Nano materials

Properties #

1. High chemical reactivity and catalytic property due to high surface area to volume ratio. 

2. Change in thermal properties compared to bulk. Ex: melting point of nano materials is very much different compared to bulk media. 

3. Electronic properties: the band gap of nanomaterials increase with decrease in size. Thus, semi conductors can be tuned by playing with the size. 

4. Optical properties: due to change in size, the energy difference between the orbitals also change resulting in a very different excitation wavelength of the nano material. 

5. Magnetic : due to small size of the nanomaterials the arrangement of surface atoms or molecules becomes highly aligned in one or two directions and this gives rise to properties like super paramagnetism, ferro and ferri magnetism. 

Synthesis of nanomaterials  #

All the synthetic materials can be classified into two categories 

1. Top down: the top down methods include volmil method, electric sputtering method, laser ablation, photo chemical etching techniques  

2. Bottom up 

   1. In the bottom up method techniques like pyrolysis, sol-gel, canonization, evaporation, electro spinning, emulsion templating are used. 

• For preparation of nanotube,  nanowires, nanorods techniques like anodization, evaporation and electro spinning are used. 

• For nanoporous materials, emulsion templating and photochemical etching methods are used 

• For nano particles,  ballmill, electric sputtering and pyrolysis are used.  

Sol-gel #

Nano scale solid materials from small molecules. These molecules are generally hydroxide or alcoxides of metals such as silicon,  titanium,  gold. The process involves conversion of the monomeric hydroxide or alcoxides into polymeric colloidal solution. 

The colloidal solution as a precursor for the formation of an integrated network or gel like structure which is formed due to the removal of liquid through evaporation or heating. Evaporation leads top formation of a compact structure leading to formation of aerogel if the interconnected network is heated rapidly or treated with supercritical fluid for removal of the liquid material then a porous structure is formed which is known as aerogel (has large pores which are formed after heating). 

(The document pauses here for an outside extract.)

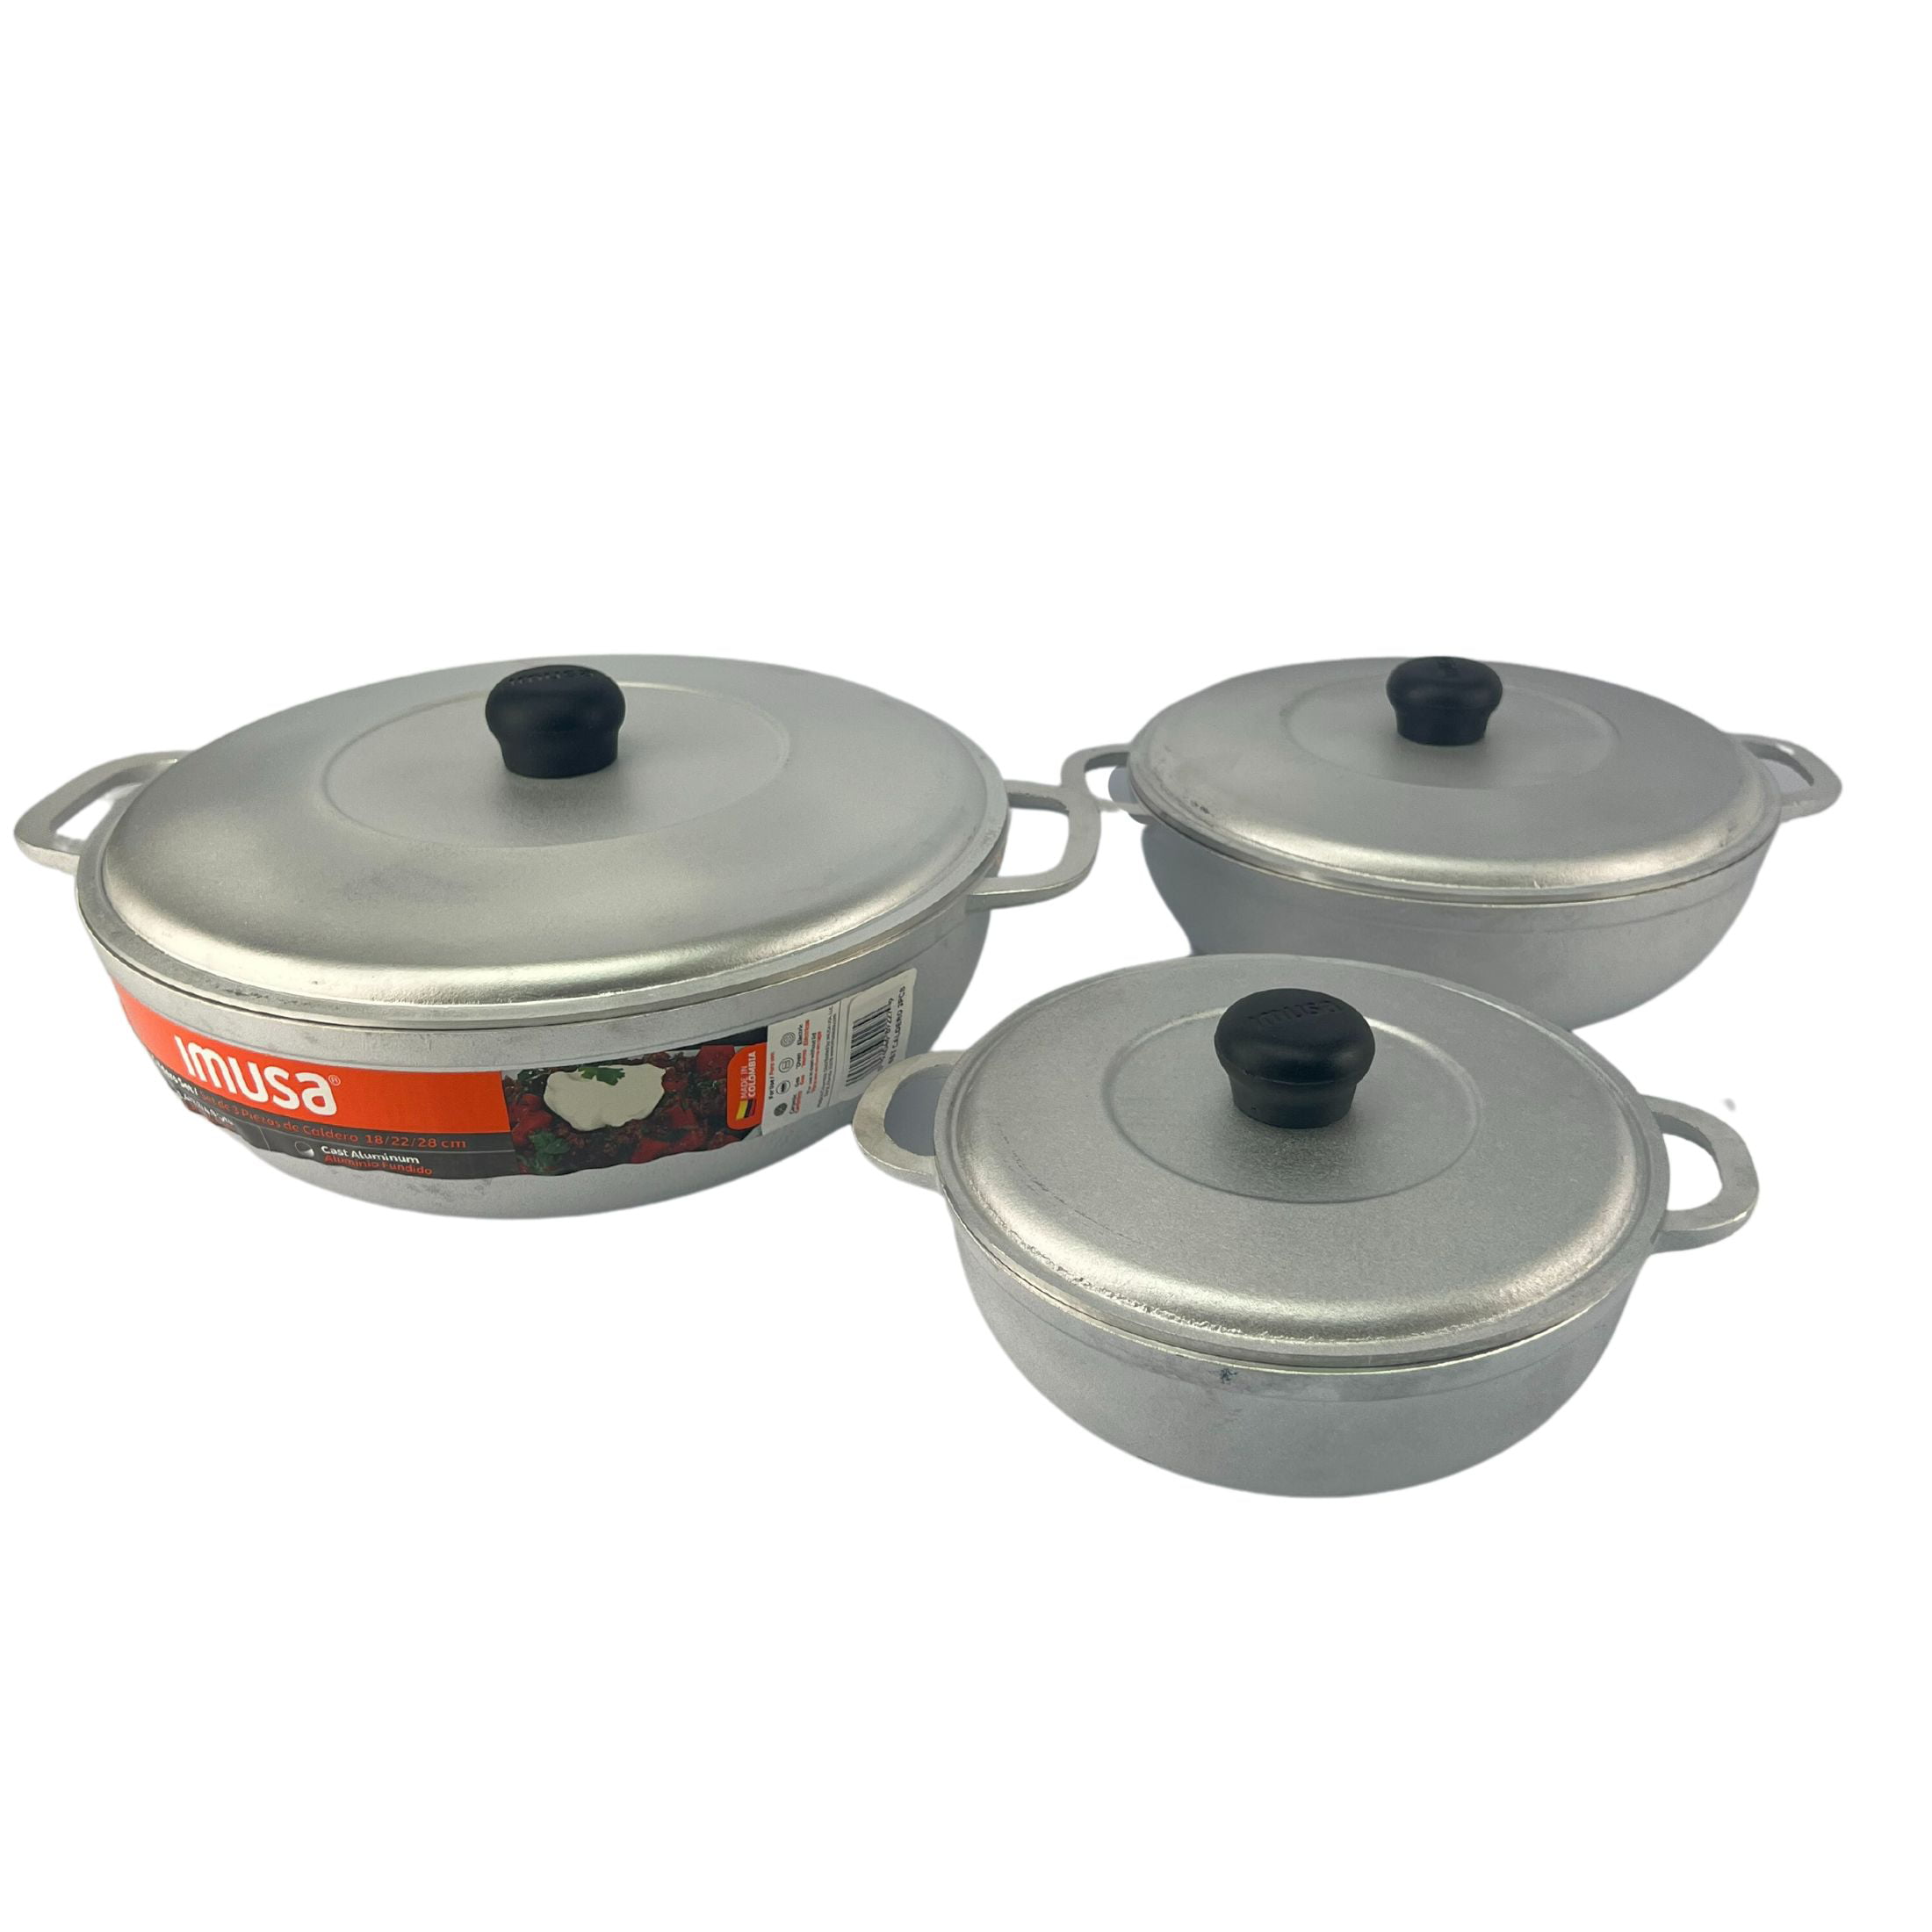 IMUSA 3pc Traditional Caldero Set with Glass Lid

The whole process of sol-gel process can be divided into 6 steps: 

1. Formation of stable compounds through hydrolysis and condensation.  

2. Gelation which is formation of an oxide or alcoxide of bridged network through poly condensation.  

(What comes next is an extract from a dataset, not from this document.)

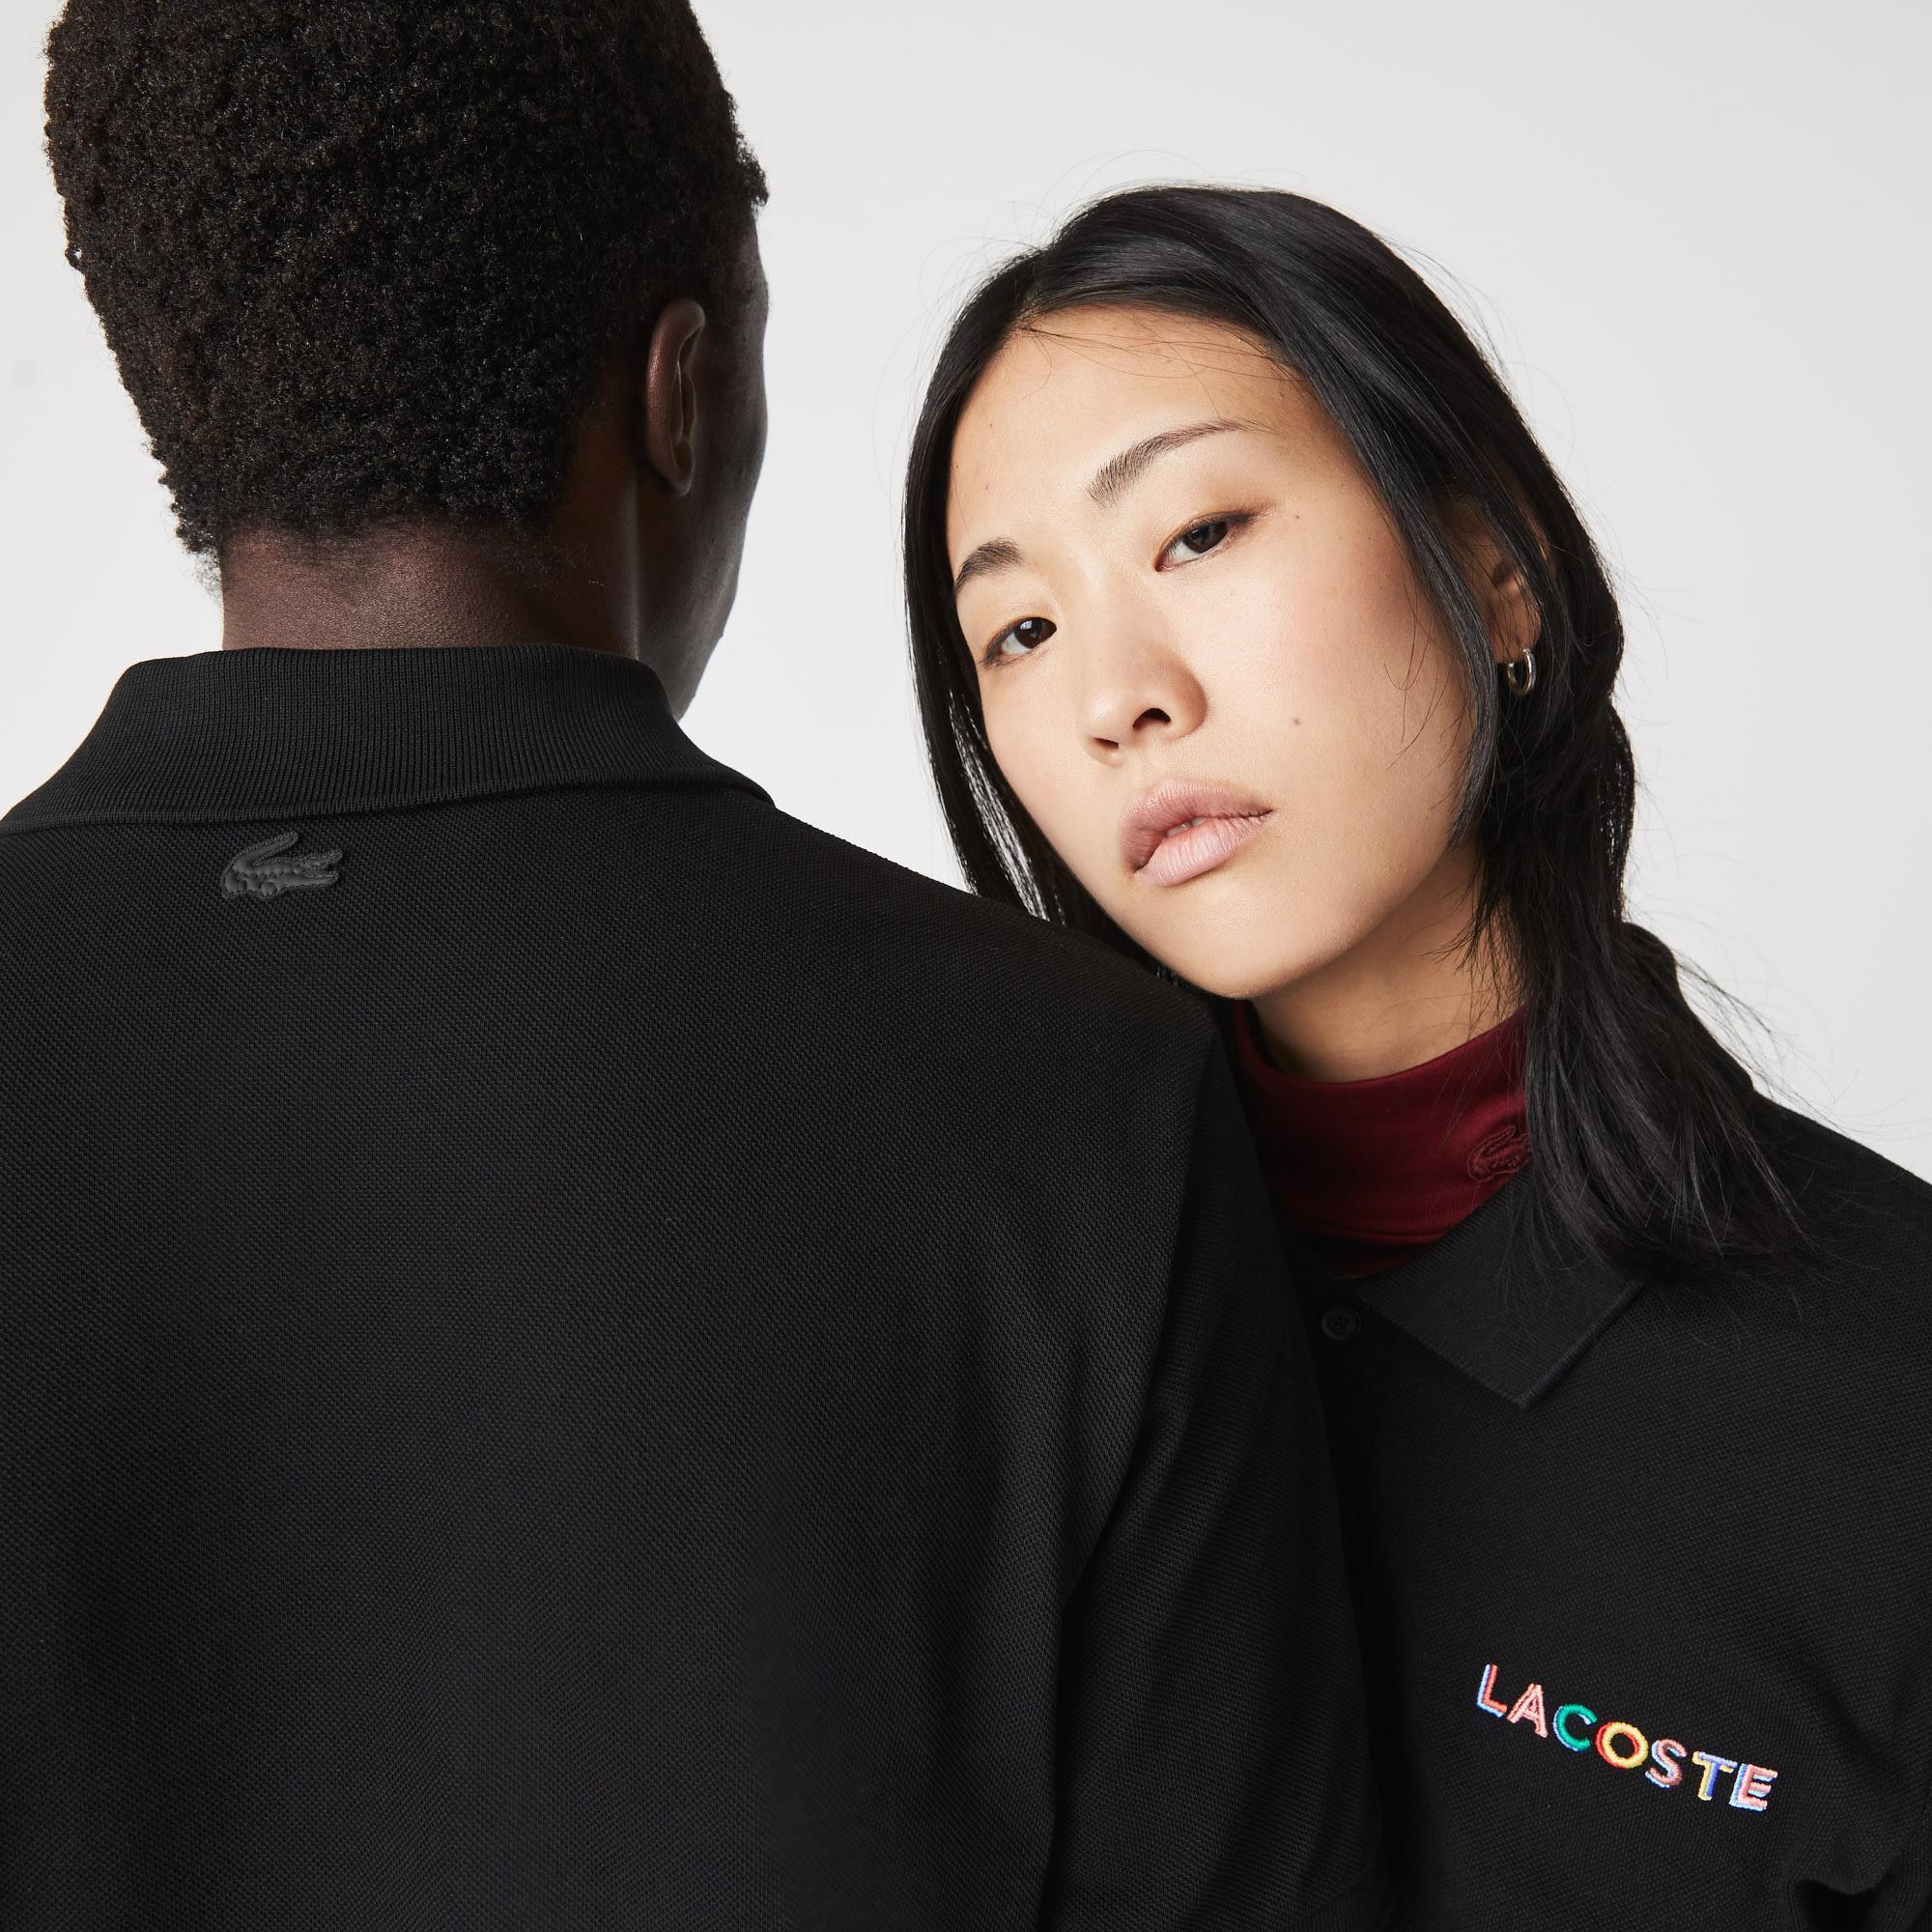 Lacoste L! VE polo shirt with a unisex print in a loose fit

3. Aging of gel which is also known as synerasis: in this step the bridged network collapses with removal of the liquid material. 

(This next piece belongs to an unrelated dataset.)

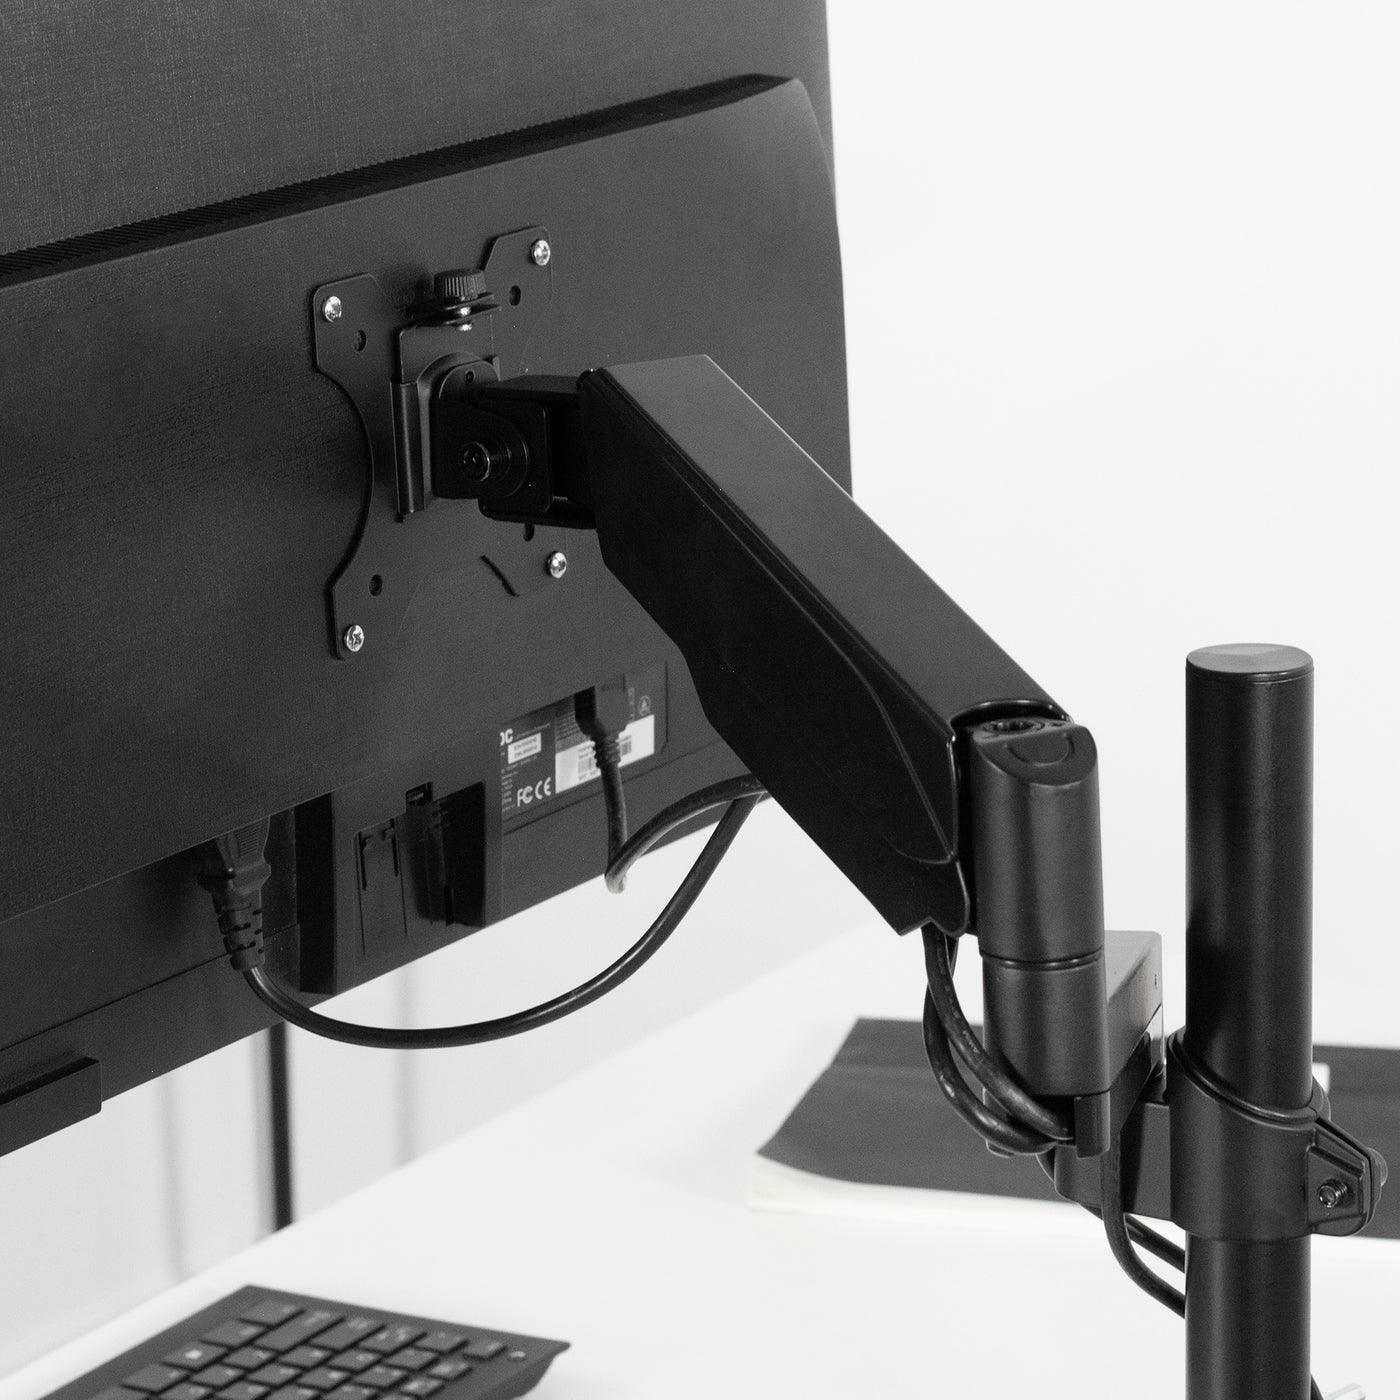 Pneumatic monitor mount arm for standard clamp on desk pole.

4. Drying of gel: after the formation of aerogel/xerogel it is very important to remove water and other volatile compounds from the mixture. Hence it is heated to temperatures around 200 Celsius. This step is very important because the rate of heating, the critical point where removal starts and the temperature decreases highly influences the size of the nanomaterials. The next two steps are not performed generally.  

5. Dehydration: removal of surface bound metal hydroxide and metal alcoxide grows by heating up to 800 deg celsius. 

6. Densification and decomposition : the material after dehydration is heated to temperatures above 800 deg celsius to remove the remaining organic materials. It also collapses the pores of the gel.  

Advantages of sol-gel   #

1. It is very economic and usually low temperature maintained process 

2. The thickness of the protein can be varied from a few nanometers to 500 nanometers. 

3. Any geometry or complex shape can be achieved very easily in the gel. 

4. High purity and the composition is also controllable. If any spent is to be added the  its amount can be also controlled very easily. 

Disadvantages of sol-gel   #

1. These materials made through sol-gel process are not at all industry friendly because of weak bonding, low wear and tear and high permeability. 

2. Coatings  

3. Develops cracks very easily.  

4. Organic materials trapped inside the pores have different thermal expansion properties compared to the nanoparticles and thus can have problems during temperature variation.